Welles skończył swój obiad, poszedł do domu, i died.

He był 70 w momencie jego śmierci. Szacuje się, że zmarł około niż trzy godziny po taping „The Merv Griffin show”. Welles został odkryty przez swojego kierowcę, Freda Gillette’a, następnego ranka leżąc na łóżku na drugim piętrze swojego domu.

Przenośna maszyna do pisania siedziała zrównoważona i nieruchoma na brzuchu zmarłego. „Zawsze lubił pisać na leżąco”, powiedział Terrail.

Później orzeczono, że Welles zmarł na atak serca w trakcie pisania na maszynie. Tego samego ranka, aktor Paul Stewart był w budynku Gildii Reżyserów, kiedy ktoś wbiegł mówiąc, że Orson Welles właśnie doznał ataku serca. Stewart natychmiast popędził do domu Wellesa.

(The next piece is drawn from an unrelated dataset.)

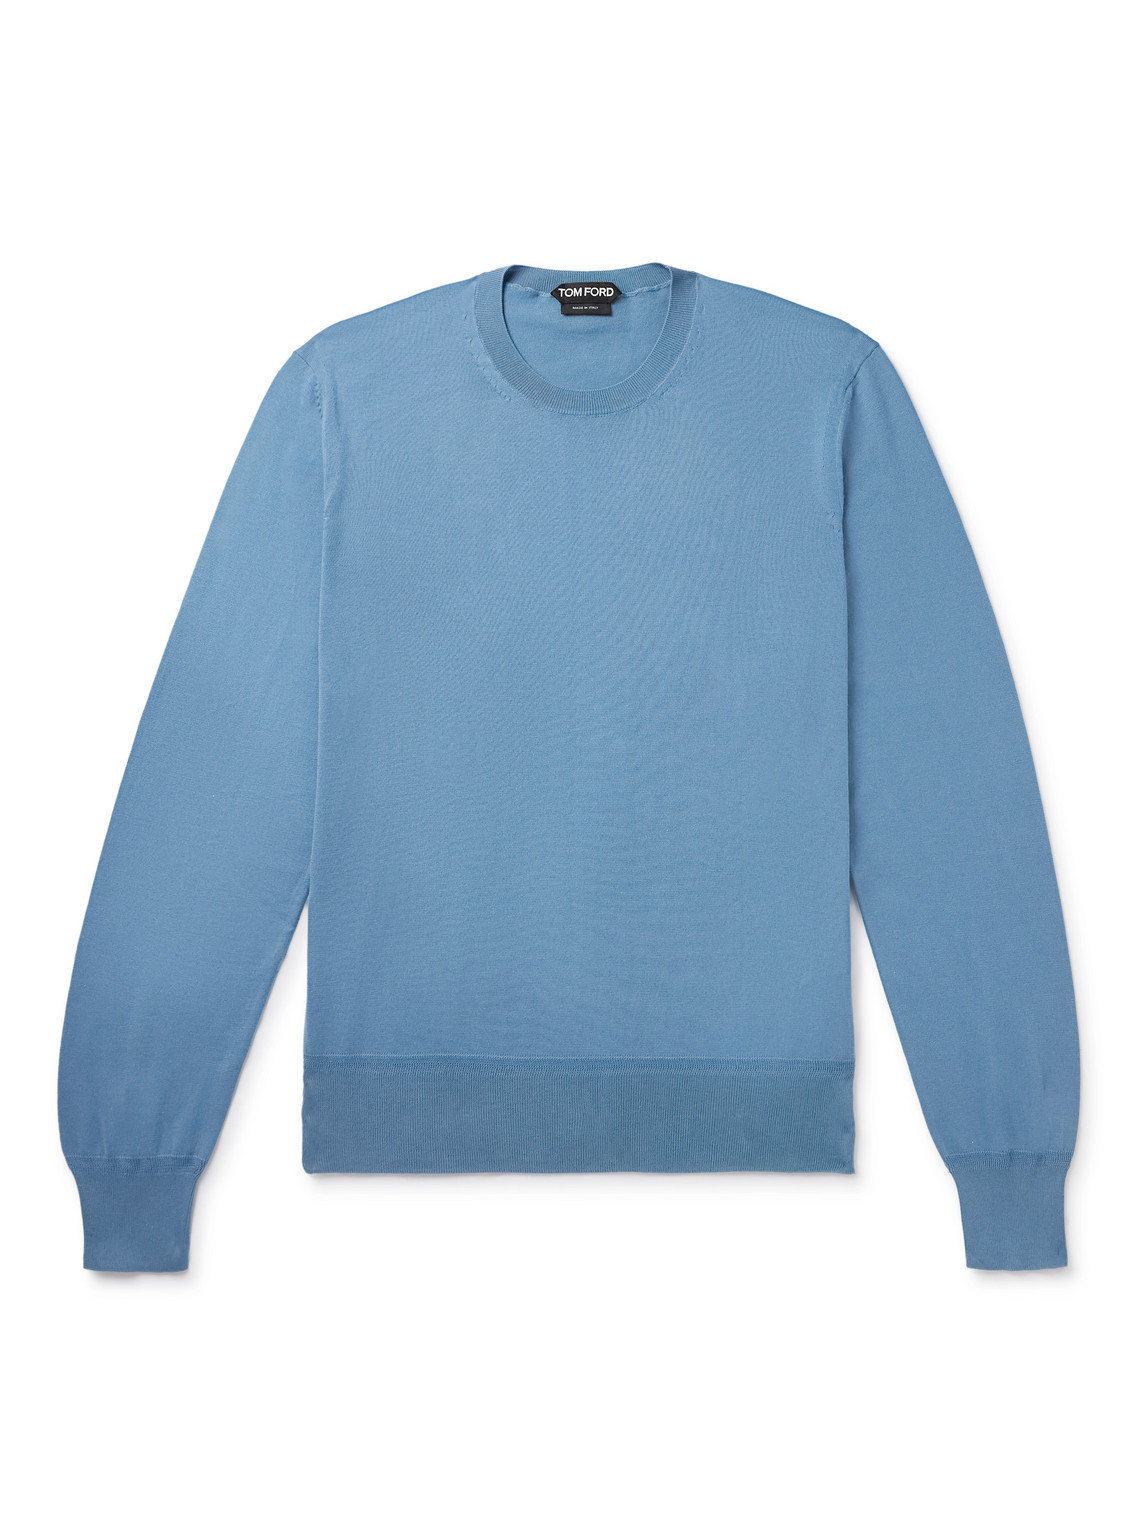 Tom Ford Slim-fit Sea Island Cotton Sweater In Blue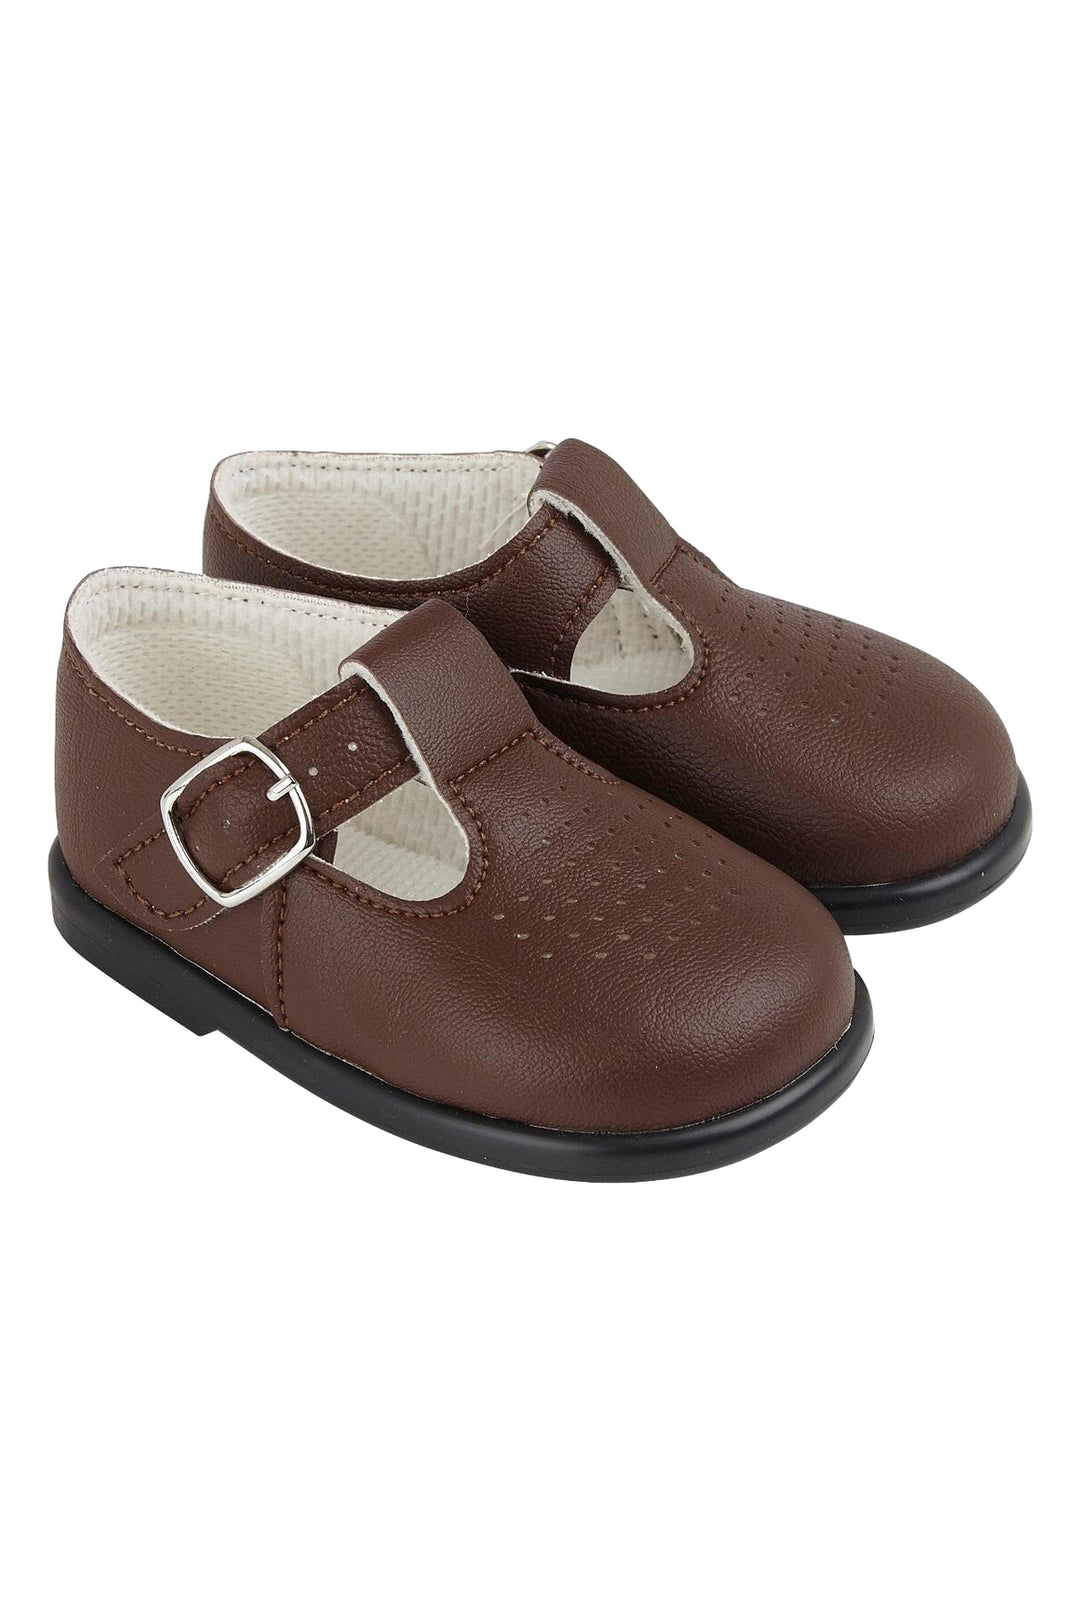 Baypods Brown T-Bar Hard Sole Shoes | Millie and John

Niezwykle przypominające uczucie ogarnęło Stewarta, gdy zbliżył się do martwego ciała Wellesa. Ponad cztery dekady wcześniej, Stewart wystąpił z Wellesem w filmie „Obywatel Kane”. Ale co więcej, to właśnie postać Stewarta, lokaj Raymond, który odkrywa martwe ciało Charlesa Fostera Kane’a, bohatera Wellesa, w scenie otwierającej klasyczny film.

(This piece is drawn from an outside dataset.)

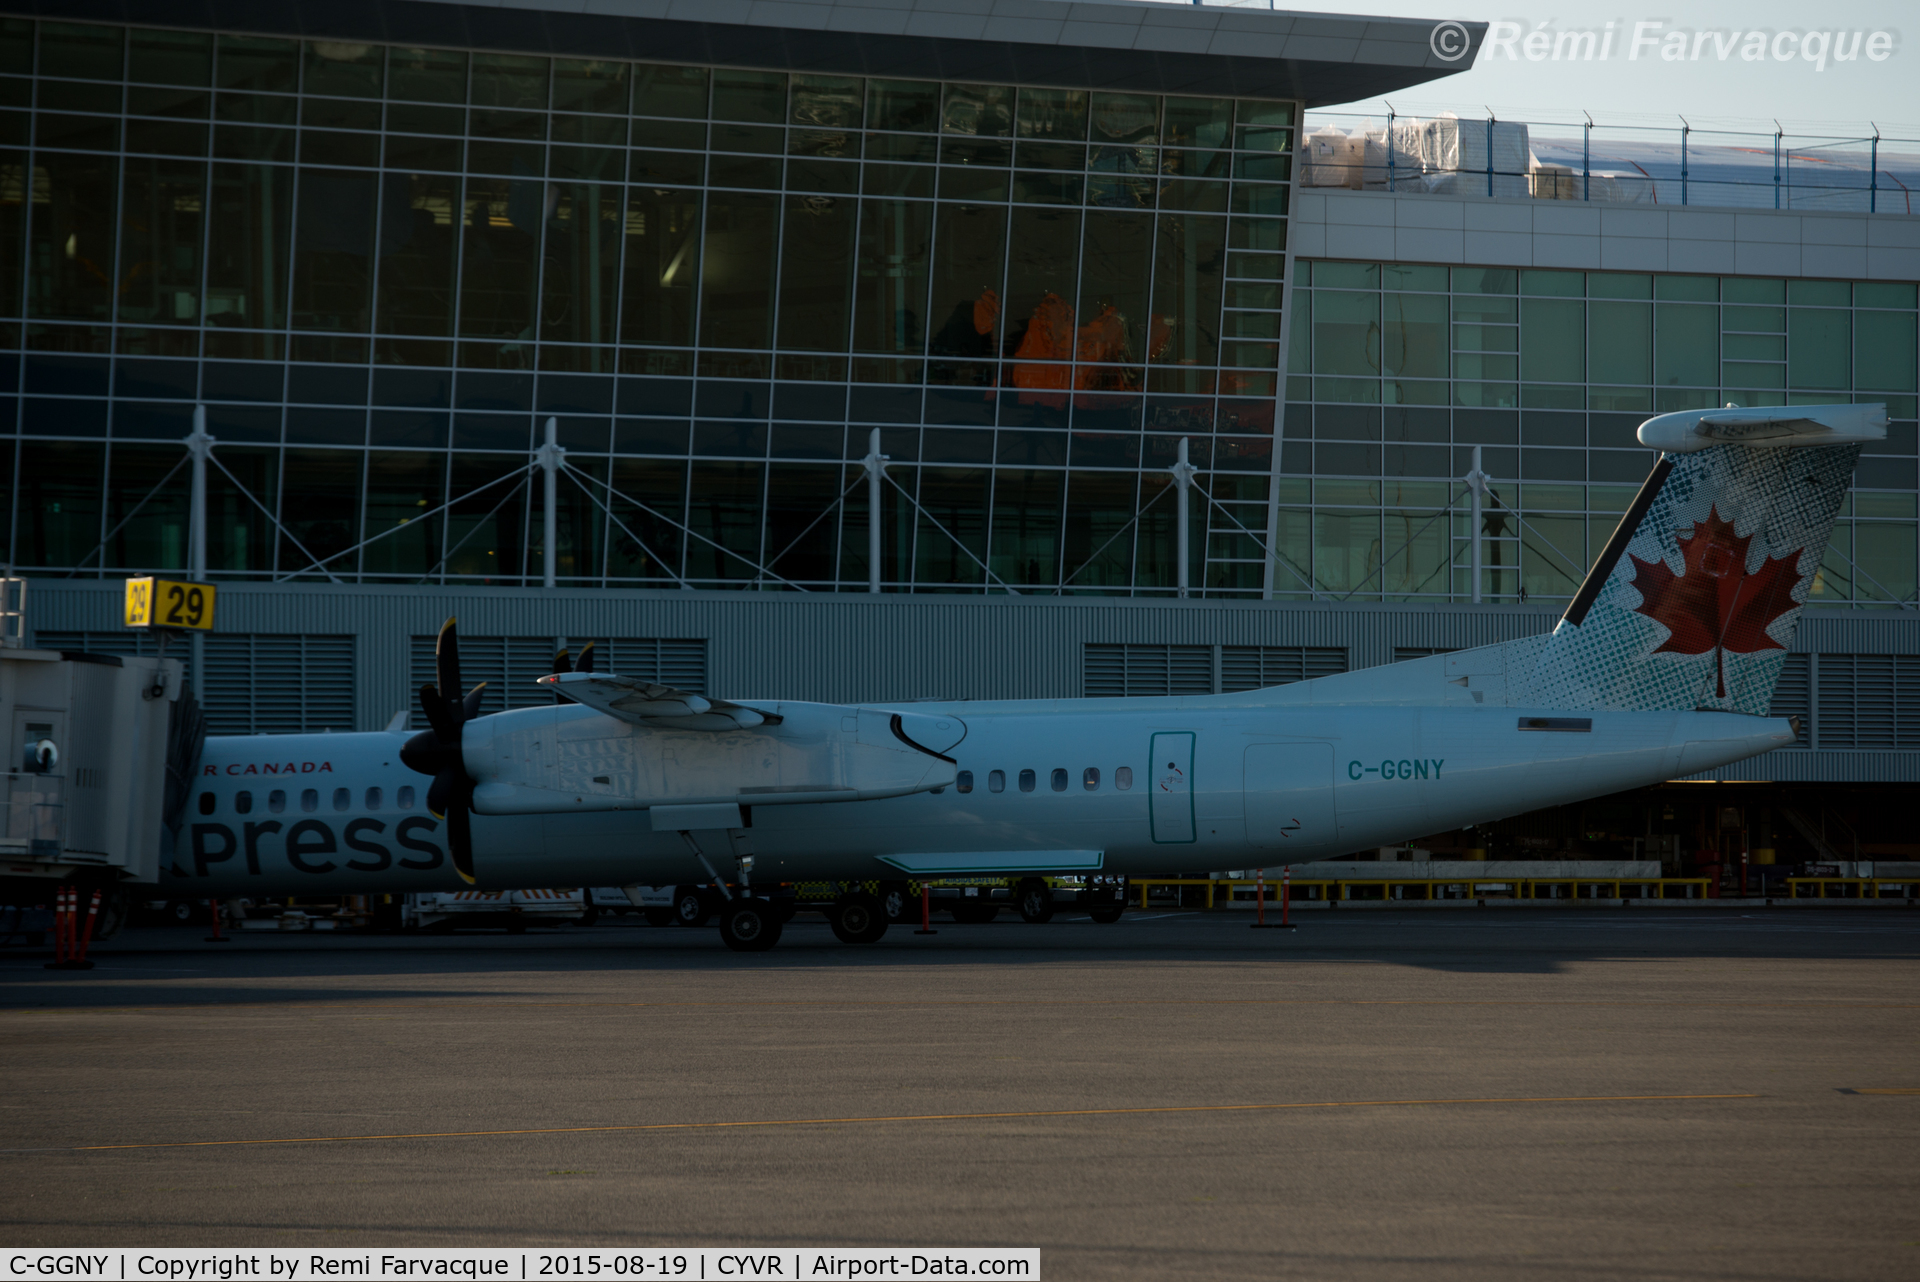 C-GGNY, 2011 Bombardier DHC-8-402 Dash 8 C/N 4386, Parked at domestic terminal.

W filmie, Stewart (lokaj) opisuje scenę śmierci reporterowi. I oczywiście, w filmie, Stewart nigdy nie słyszy ostatniego słowa Kane’a: „Rosebud”. „I jeśli to nie jest niesamowity przypadek życia imitującego sztukę”, powiedział przyjaciel, „to nie ma czegoś takiego.”

„The Merv Griffin Show” z udziałem Orsona Wellesa wyemitowano pięć dni później, 14 października 1985 roku, w całości. Możesz zobaczyć mały fragment tego wywiadu poniżej:

.

Dodaj komentarz

Twój adres e-mail nie zostanie opublikowany.